Nel corso dell’Udienza Generale da Piazza San Pietro, Papa Francesco ha espresso la propria preoccupazione per quanto accaduto lunedì scorso nella Striscia di Gaza ed ha sottolineato come nessun atto di violenza potrà mai portare alla pace: “Sono molto preoccupato per l’acuirsi delle tensioni in Terra Santa e in Medio Oriente, e per la spirale di violenza che allontana sempre più dalla via della pace, del dialogo e dei negoziati”.
Il Santo Padre ha quindi espresso il proprio cordoglio per le vittime ed i feriti dell’ennesimo scontro tra Palestinesi e Israeliani in Terra Santa ed ha invitato tutte le parti in causa a cercare un modo per appianare le divergenze in maniera pacifica: “Ribadisco che non è mai l’uso della violenza che porta alla pace. Guerra chiama guerra, violenza chiama violenza. Invito tutte le parti in causa e la comunità internazionale a rinnovare l’impegno perché prevalgano il dialogo, la giustizia e la pace”.
Era logico aspettarsi che i cittadini palestinesi sarebbero scesi in piazza per protestare contro l’inaugurazione dell’ambasciata americana a Gerusalemme, atto politico che porta ad un riconoscimento della città Santa come capitale dello stato di Israele. Per tal motivo era logico aspettarsi che il governo israeliano si preparasse a contenere la contestazione in modo pacifico, anche per dare un segnale differente al mondo intero, dimostrando che una soluzione pacifica è possibile e che c’è del rispetto per la vita dei palestinesi.

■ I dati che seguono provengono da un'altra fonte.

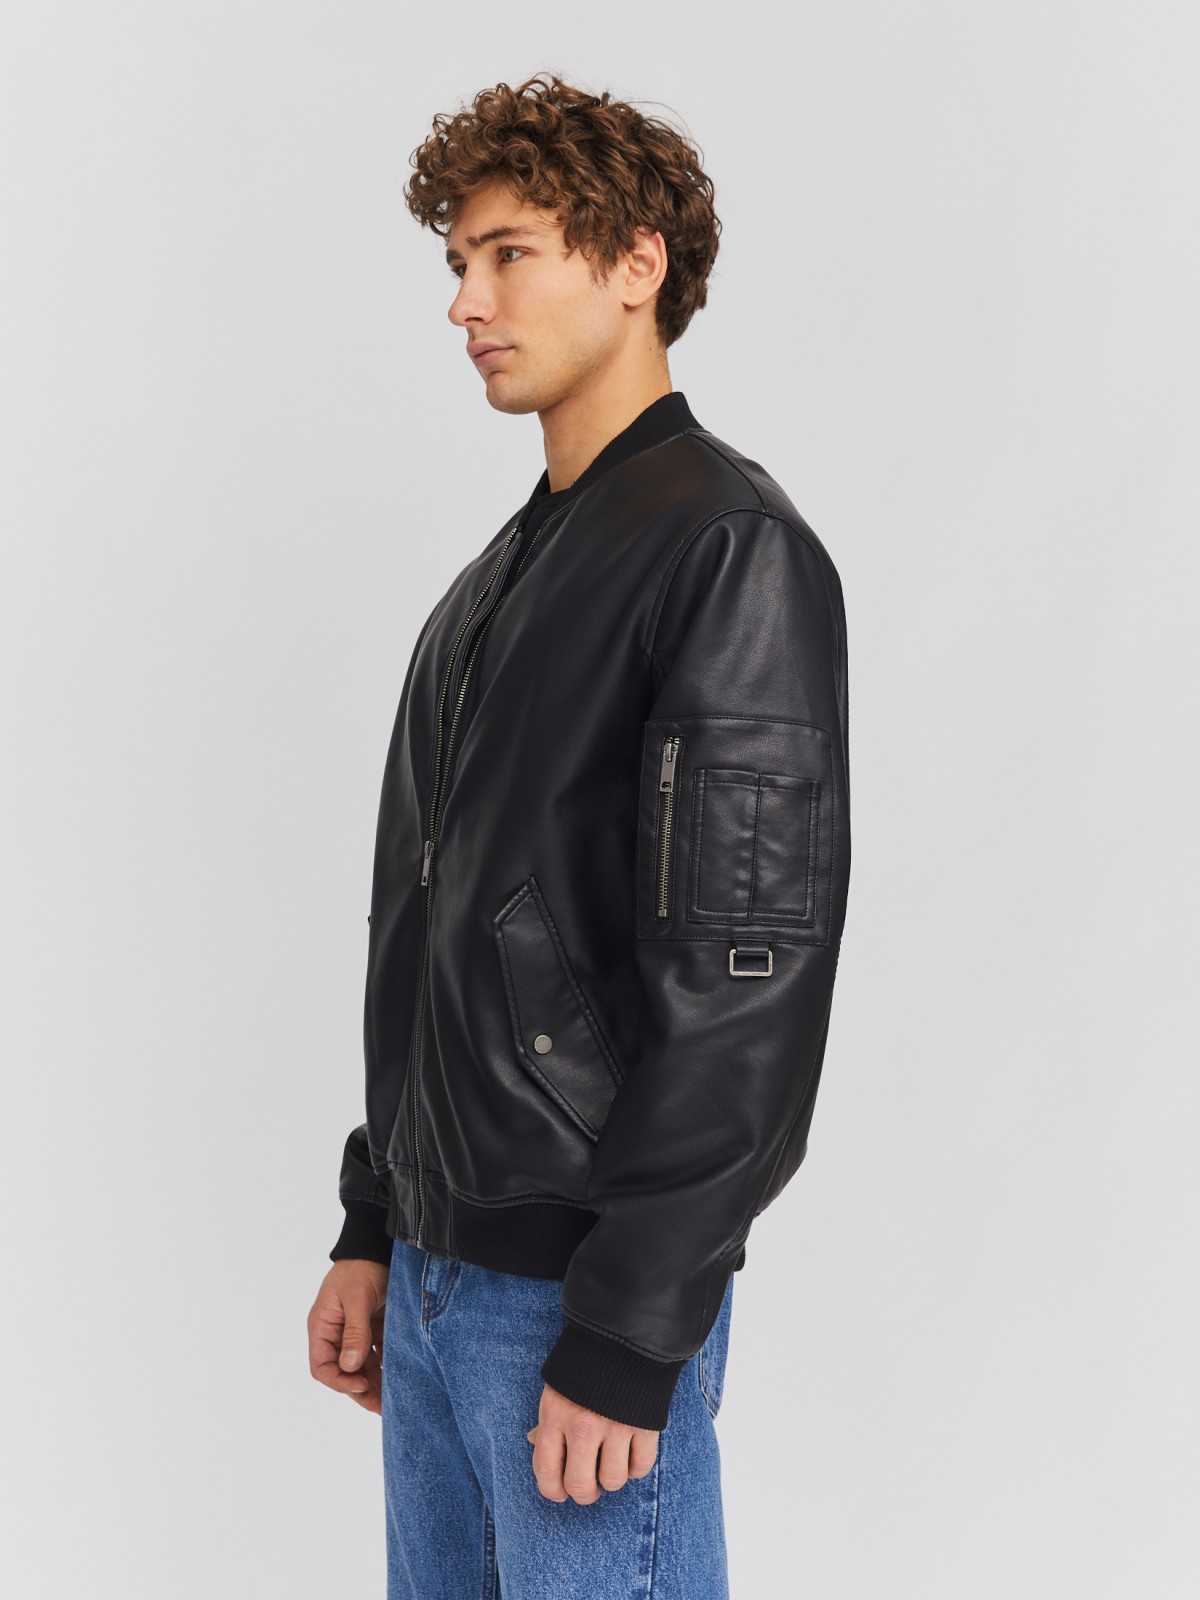 Утеплённая куртка-бомбер из экокожи на синтепоне zolla 014135150134, цвет черный, размер M - фото 3

Invece la cronaca ci porta a constatare l’ennesimo atto di forza di un governo che pretende di escludere dai territori in cui vivevano i palestinesi, accaparrandosi un diritto di occupazione totale del territorio che non è riconosciuto se non da Israele e dagli Stati Uniti. Il diritto alla convivenza, alla condivisione del territorio dovrebbe prevalere ed invece, nel giorno in cui l’America attesta che Gerusalemme non appartiene più ai palestinesi, emerge nuovamente la violenza (psicologica e fisica) che questa presa di posizione rappresenta. Lunedì sono morte 58 persone, altre tre sono morte per le ferite il giorno seguente, tra queste c’è una neonata di 8 mesi e bisogna aggiungere che sono ben 2800 i feriti. Abu Mazen, premier palestinese, ha dichiarato tre giorni di sciopero ed il lutto nazionale, quindi ha fatto un ulteriore appello all’ONU (garante dei diritti umanitari) affinché questa mattanza abbia finalmente un epilogo.